Input data >>
************

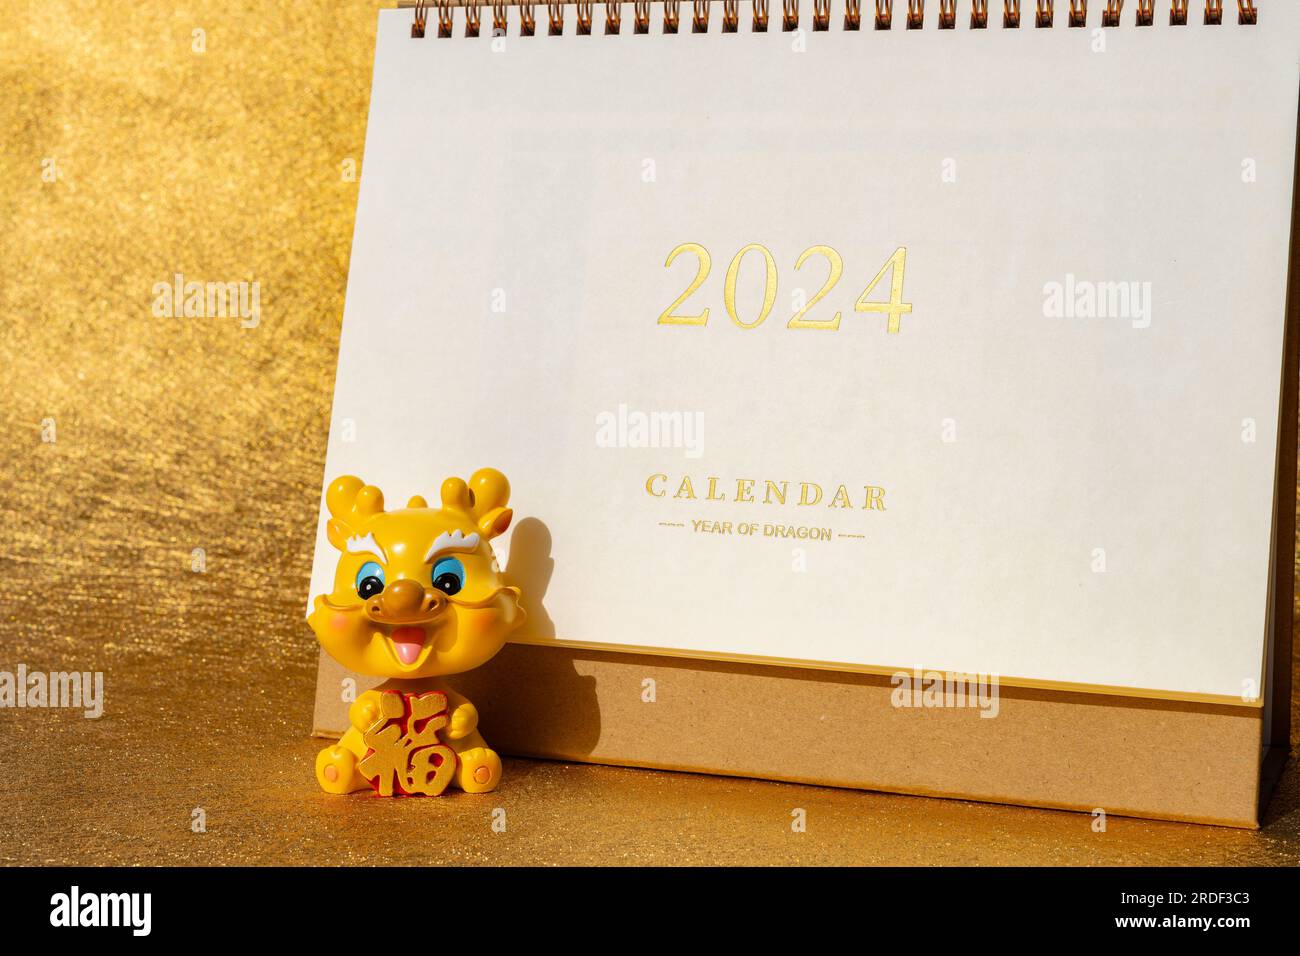 Year of Dragon mascot with a 2024 calendar at horizontal composition translation of the Chinese on the mascot is fortune no logo no trademark Stock Photo
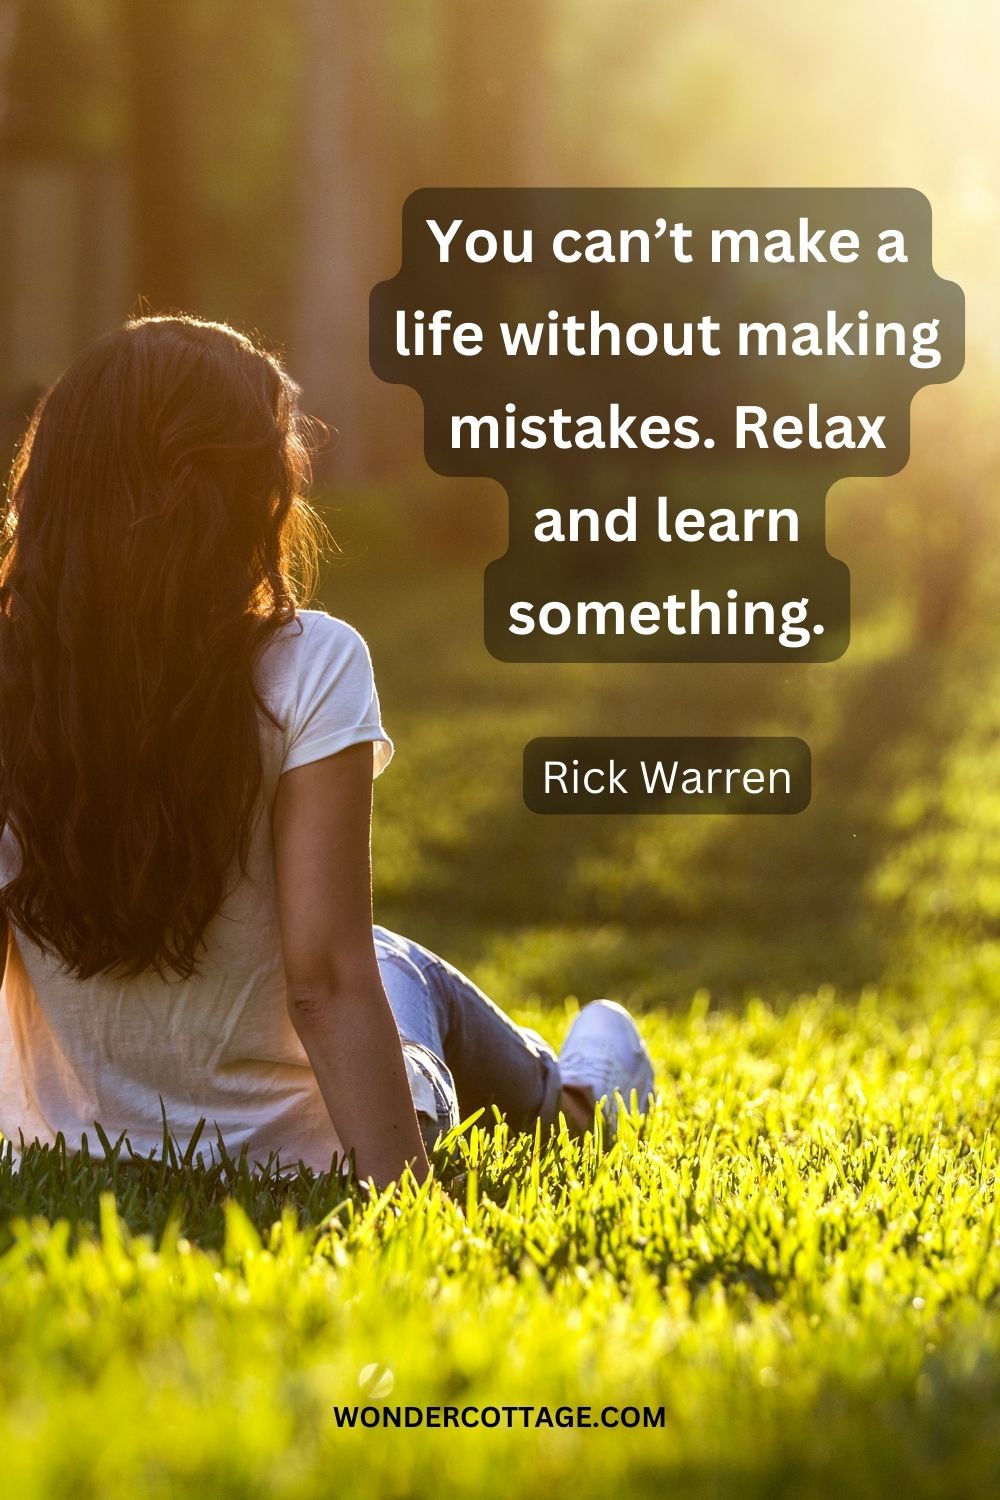 You can’t make a life without making mistakes. Relax and learn something. Rick Warren
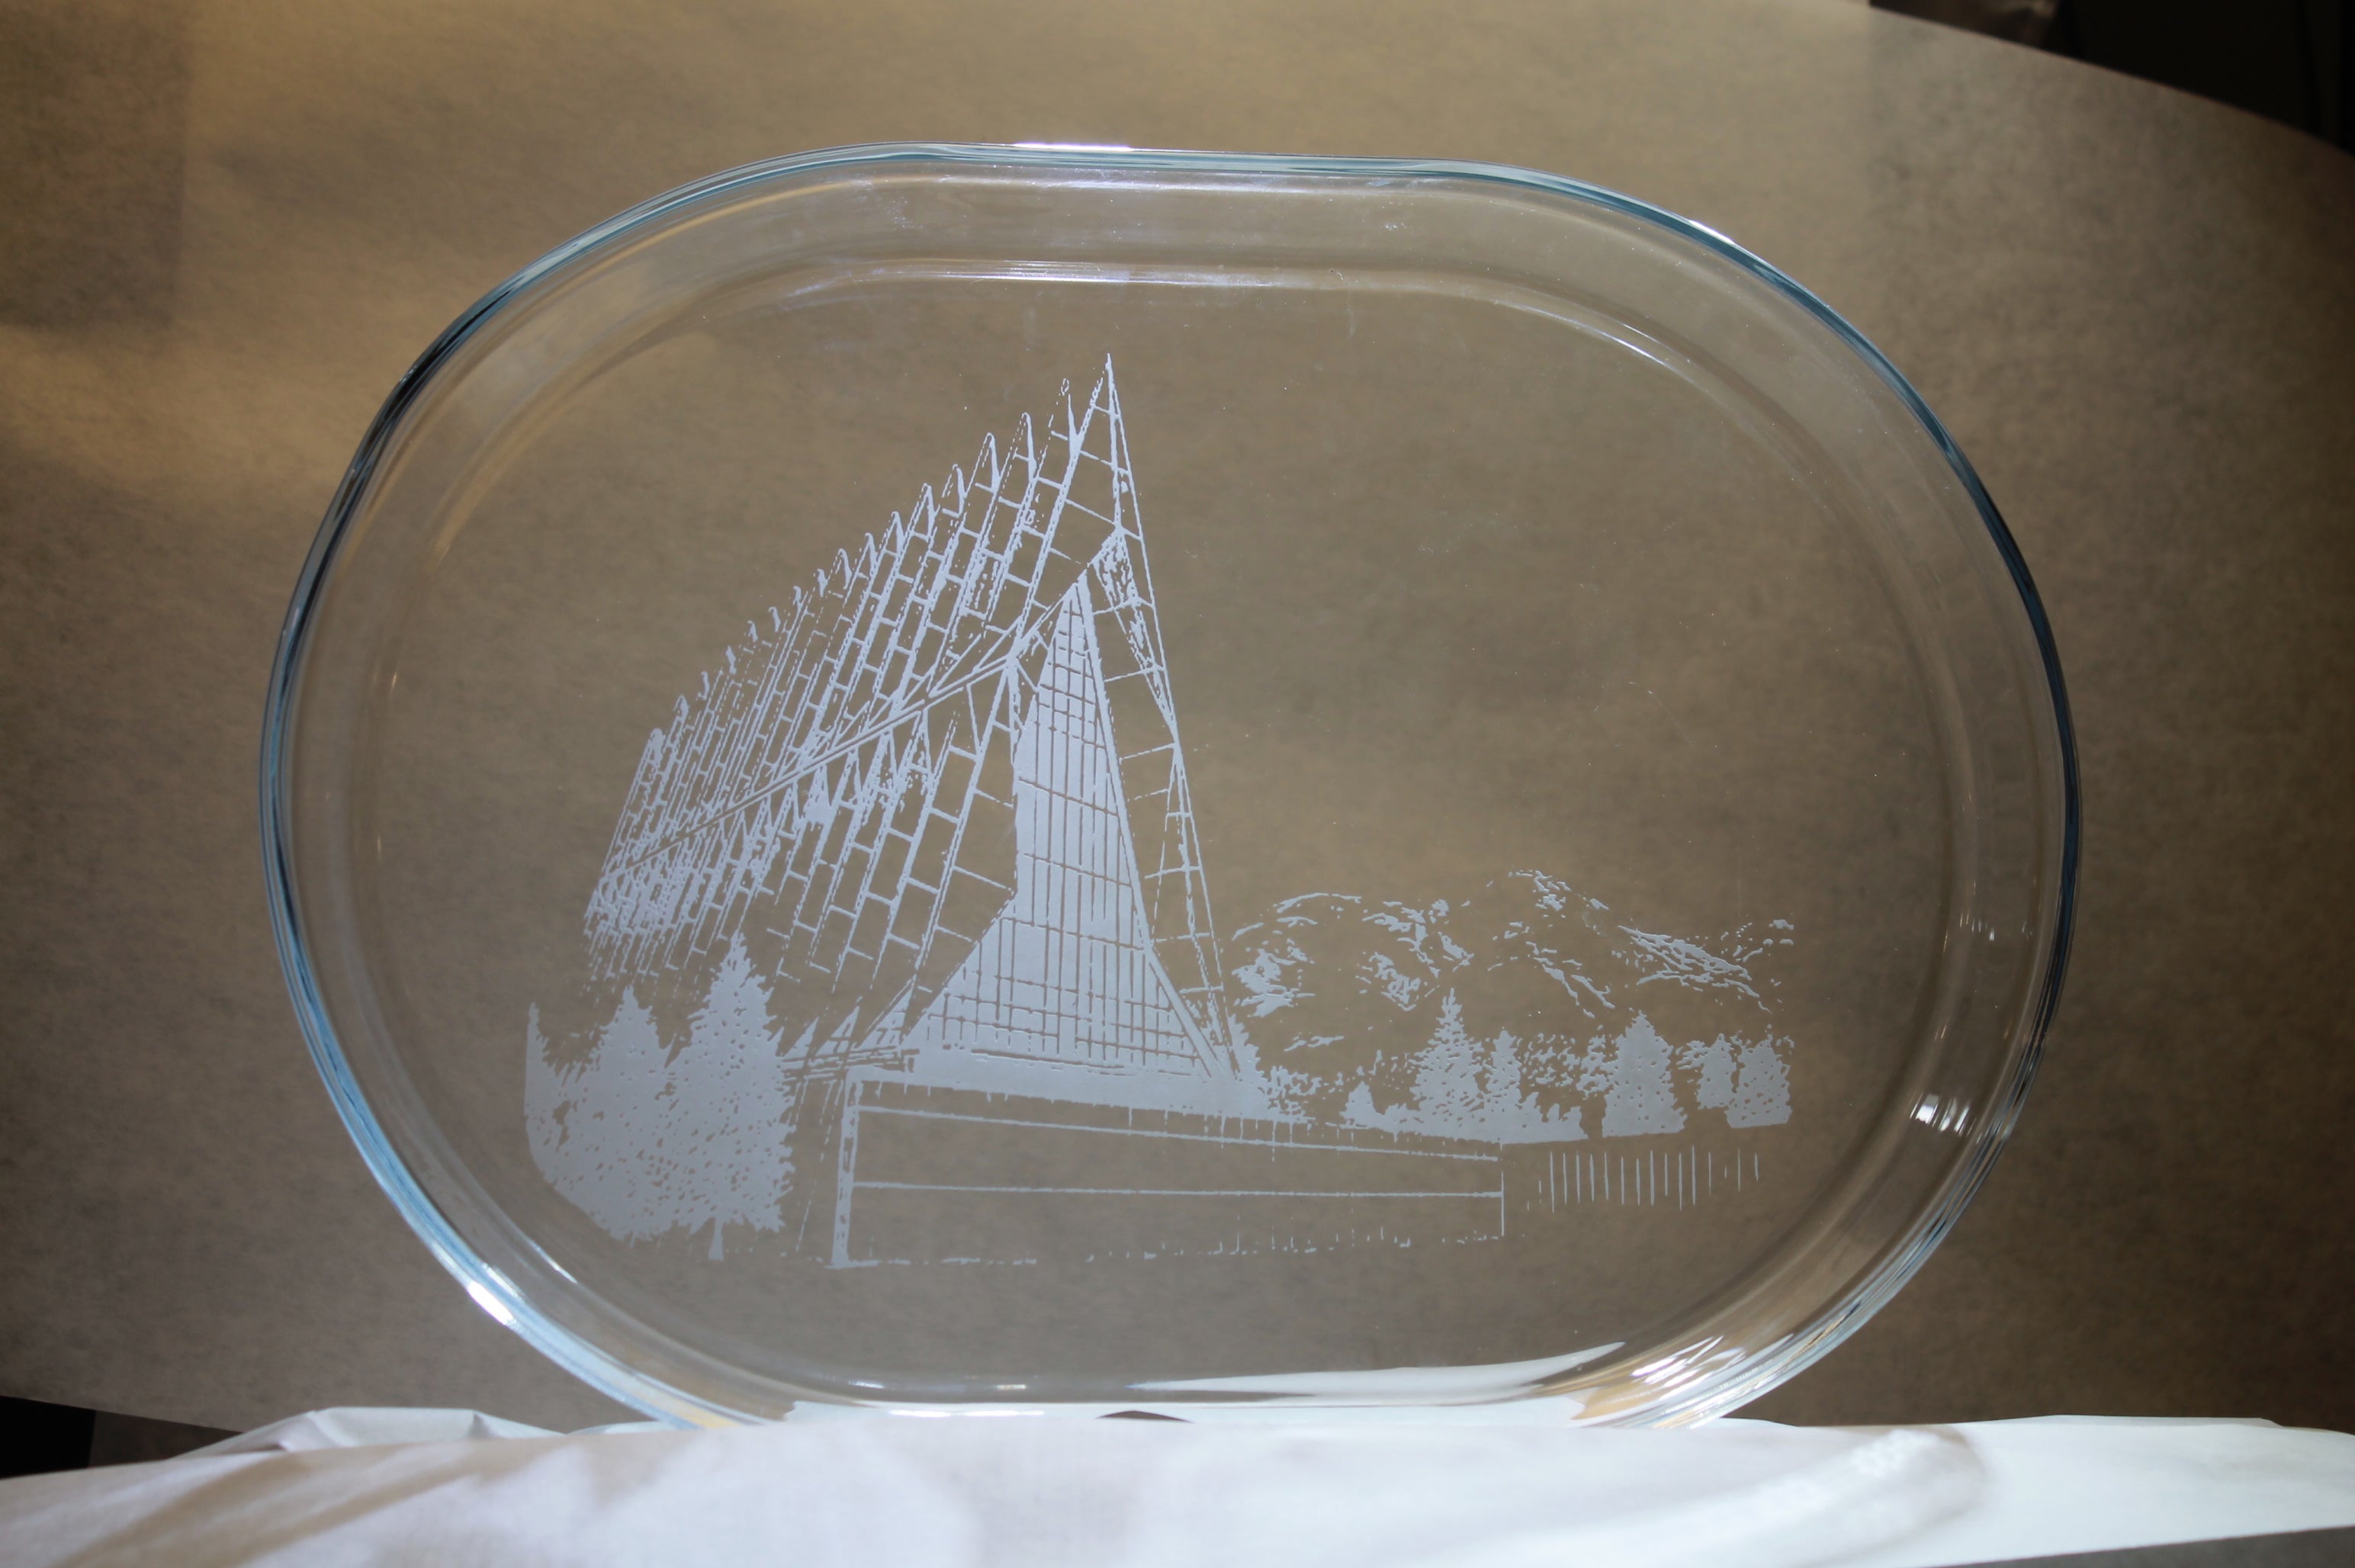 USAFA Chapel Image sand-carved clear glass serving tray platter - Samstagsandmore

************

What you need to do >> Take the material above and set it down exactly, minus the images.

Result of the exercise >>
 Year of Dragon mascot with a 2024 calendar at horizontal composition translation of the Chinese on the mascot is fortune no logo no trademark Stock Photo
 You can’t make a life without making mistakes. Relax and learn something. Rick Warren
 USAFA Chapel Image sand-carved clear glass serving tray platter - Samstagsandmore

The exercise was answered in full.